February 12, 2006
Your Tax Dollars on Drugs

By Debra Saunders

If you want to understand how difficult it is to cut the federal deficit -- it will surpass $400 billion in the 2007 budget -- take a look at the Byrne grants. Named after New York City police officer Edward Byrne, who was killed by drug dealers, the grants have provided annually about $500 million to local law-enforcement efforts since the program was signed into law by the first President Bush. Critics on the left and the right consider the program to be ill-conceived and ineffective, and they've urged Washington to eliminate the grants. But Congress keeps pouring millions into the program.

David Mulhausen, a policy analyst with the conservative Heritage Foundation, considers the Byrne grants to be mostly "pork projects." He sees "a big accountability problem."

Mulhausen is not alone. The White House Office of Management and Budget studied the Byrne grants and gave the program a 13 percent rating for results and accountability. That's an F-.

Last year, the National Taxpayers Union and Citizens Against Government Waste signed a letter urging congressional appropriators to eliminate the Byrne grants.

No such luck. President George W. Bush, to his credit, has departed from his big-spending ways in seeking to reduce -- and now to eliminate -- Byrne grants, as part of the administration's ongoing post-9/11 effort to streamline U.S. Department of Justice funding in order to maximize the money spent on homeland security. According to the OMB, the Bush administration and Congress have reduced Byrne-grant funding by two-thirds since 2001.

Alex Conant of the OMB explained that "federal law-enforcement funds need to be spent where they are most effective, and Byrne grants have failed to demonstrate significant effectiveness."

Tom Finnigan of Citizens Against Government Waste noted how the administration has tried to figure out which programs don't work and de-fund them -- "and yet Congress earmarks these funds every year, year after year."

And, "If (members of Congress) can't cut programs that are ineffective and wasteful, then it just shows they are incapable of spending restraint." Too true.

That's the problem. Columnists and fiscal watchdogs all agree that federal spending is out of control. Democrats are having a grand time slamming Bush for his big spending, but as soon as Bush tries to cut an actual program, it becomes a vital endeavor, the loss of which will be harmful to hardworking taxpayers.

Pork-happy lawmakers rush to defend the program. Sens. Tom Harkin, D-Iowa, Mark Dayton, D-Minn., and Patrick Leahy, D-Vt., all have boasted that they want to keep bankrolling Byrne grants. If you come from farm country, you talk like Leahy -- and hail the grants as important for "a rural state." Or you say that the funding is essential to fight methamphetamine abuse -- as Harkin and Dayton argued -- even though local officials are charged with enforcing those laws.

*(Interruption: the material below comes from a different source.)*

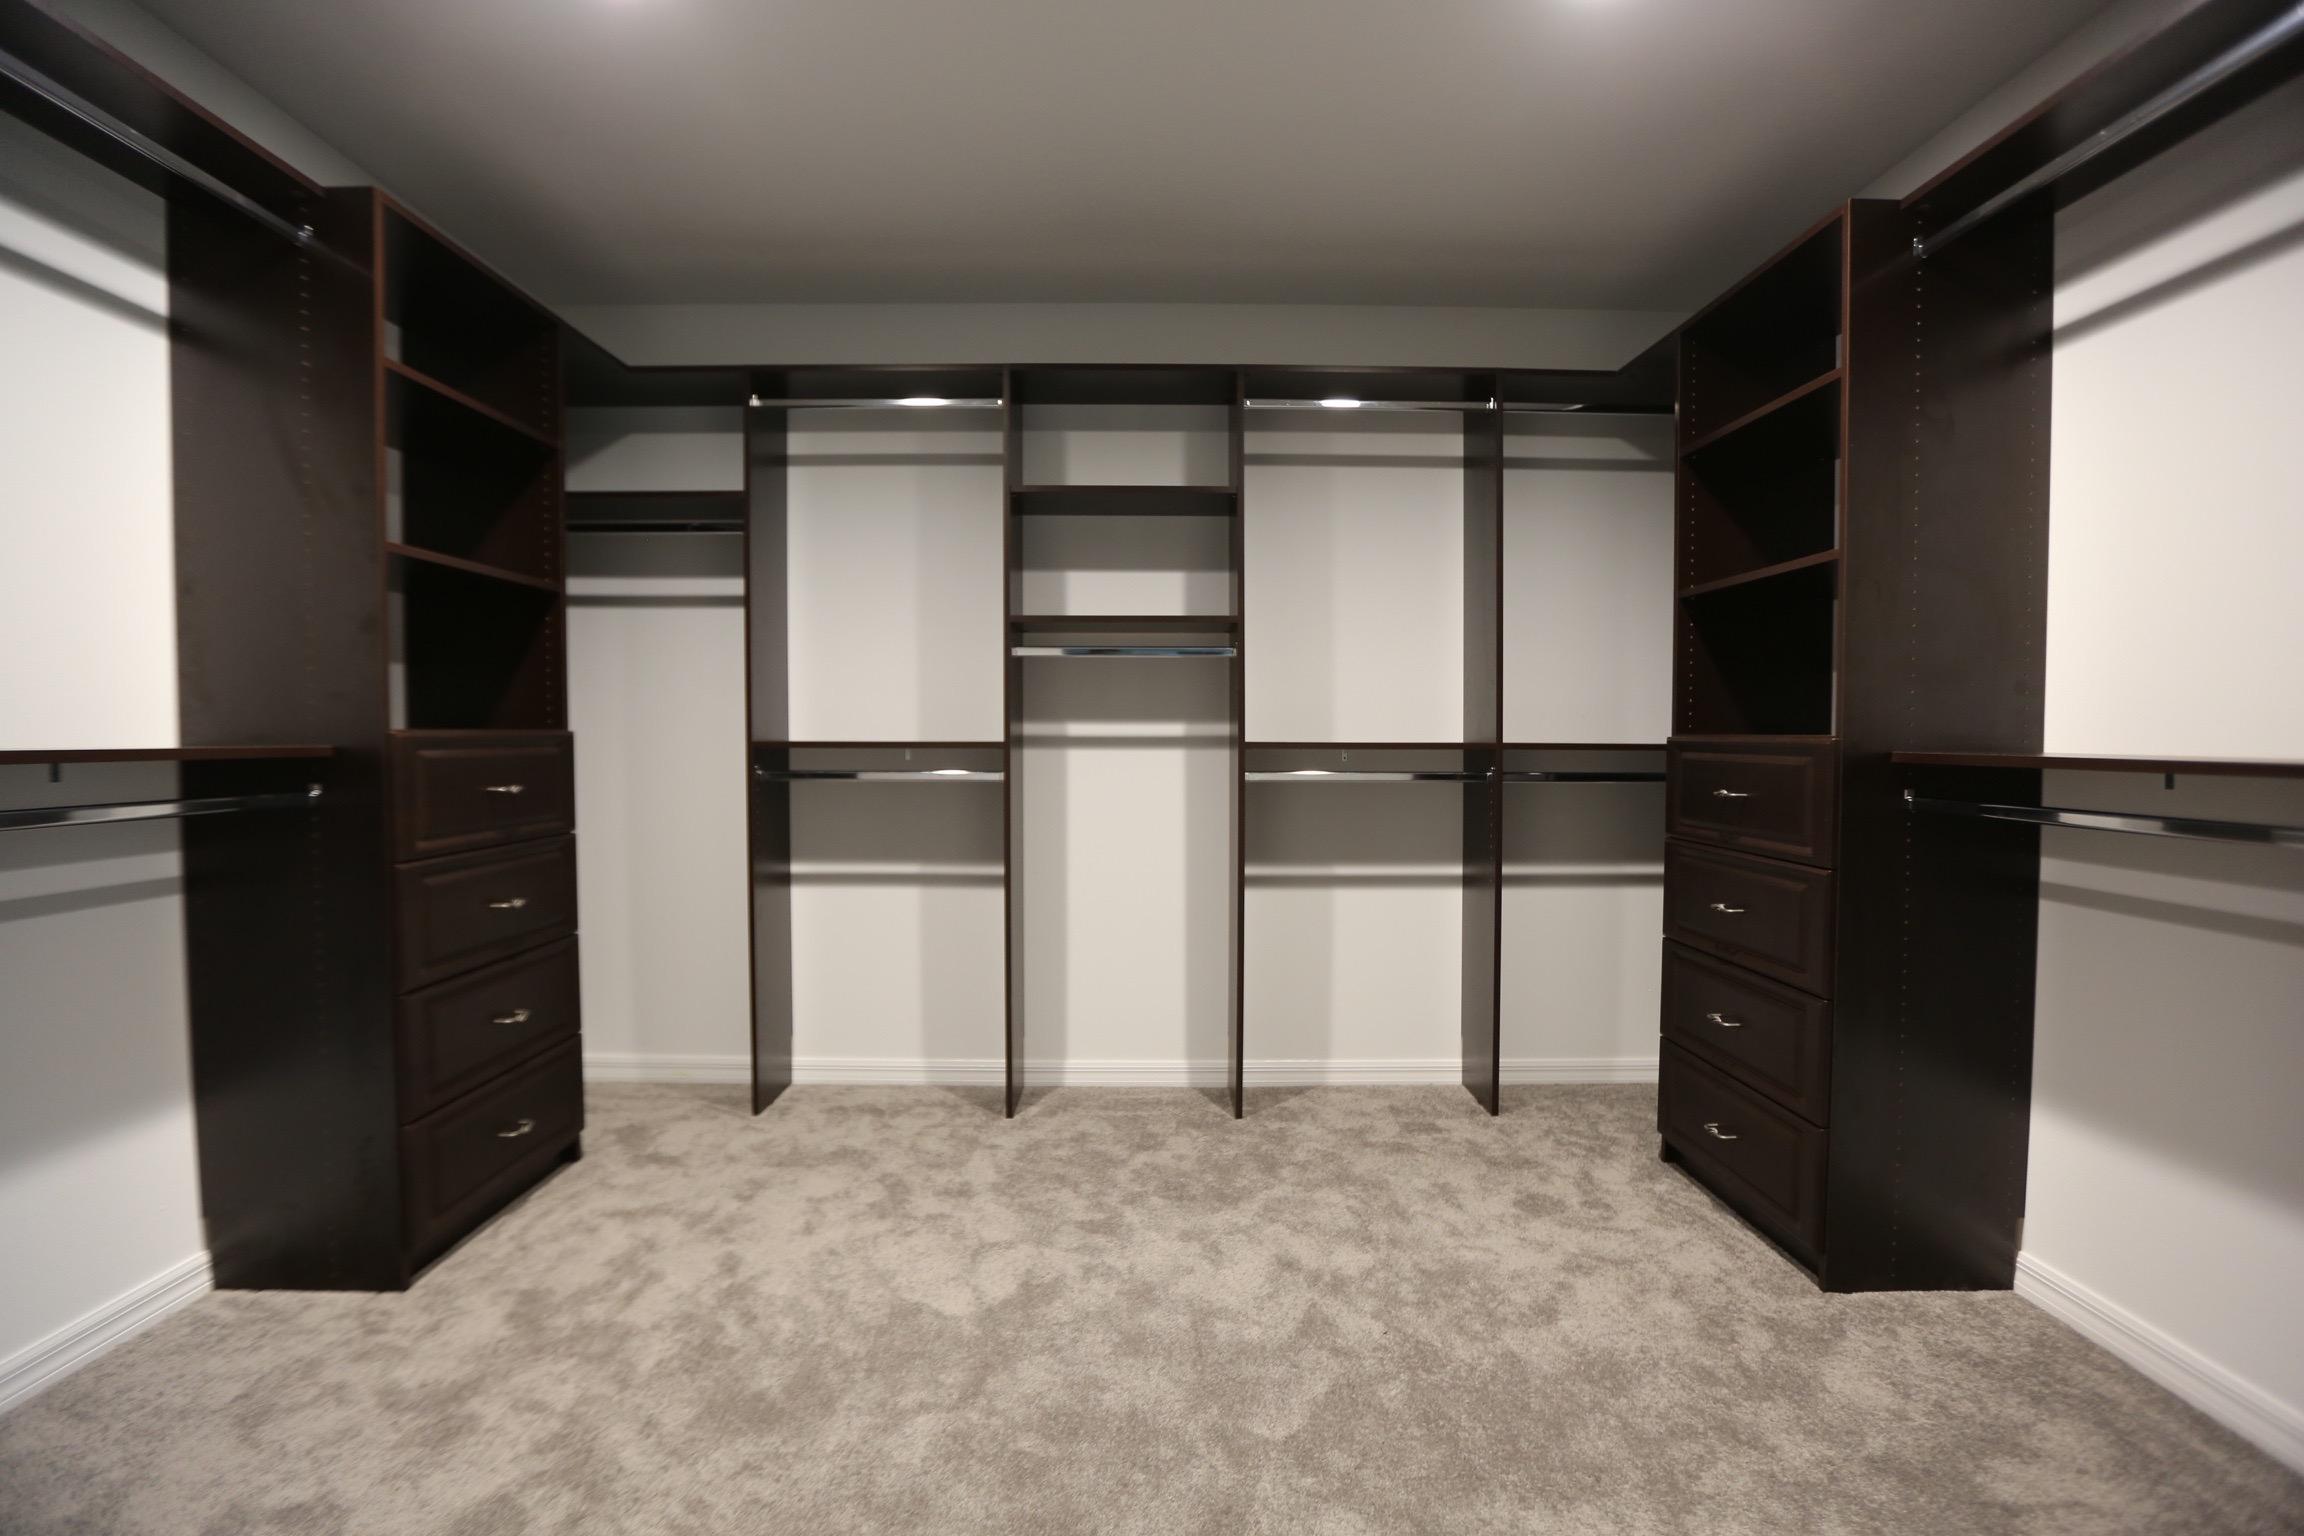 Floor Based Closets:  Open

You would never guess that Byrne grants also funded bad law enforcement -- most notably the Tulia scandal, which began when Bush was the governor of Texas. A white investigator of a Byrne-funded task force testified against dozens of black residents in Tulia, Texas, for dealing cocaine. They were convicted, even though no drugs were presented as evidence at trial. Later, Gov. Rick Perry pardoned most of the Tulia convicts, and onetime defendants reached a $5 million settlement with local officials.

Bill Piper of the Drug Policy Alliance, which opposes the war on drugs, believes that abuses such as the Tulia travesty occur when "the federal government is handing money out like candy" and there is no real accountability.

Piper also argues that "the war on drugs is an area that you could cut without political consequences." Alas, there also are no real consequences, because Congress keeps sneaking the money back into the budget. I would agree, except that the press releases sent out by Byrne-loving senators suggest that there is little upside in cutting drug-war spending.

As the National Taxpayers Union's Paul Gessing noted, "The people who have the most at stake lobby very hard, whereas it's hard for the average citizen to keep track of this stuff."

I fault Bush for not vetoing his first farm bill, which enabled Congress' big spending. Now that he is trying to do the right thing, he stands alone. If the president can't push Congress to kill a program that is 13 percent effective, then he can't cut anything, because there is no will to spend responsibly in Washington.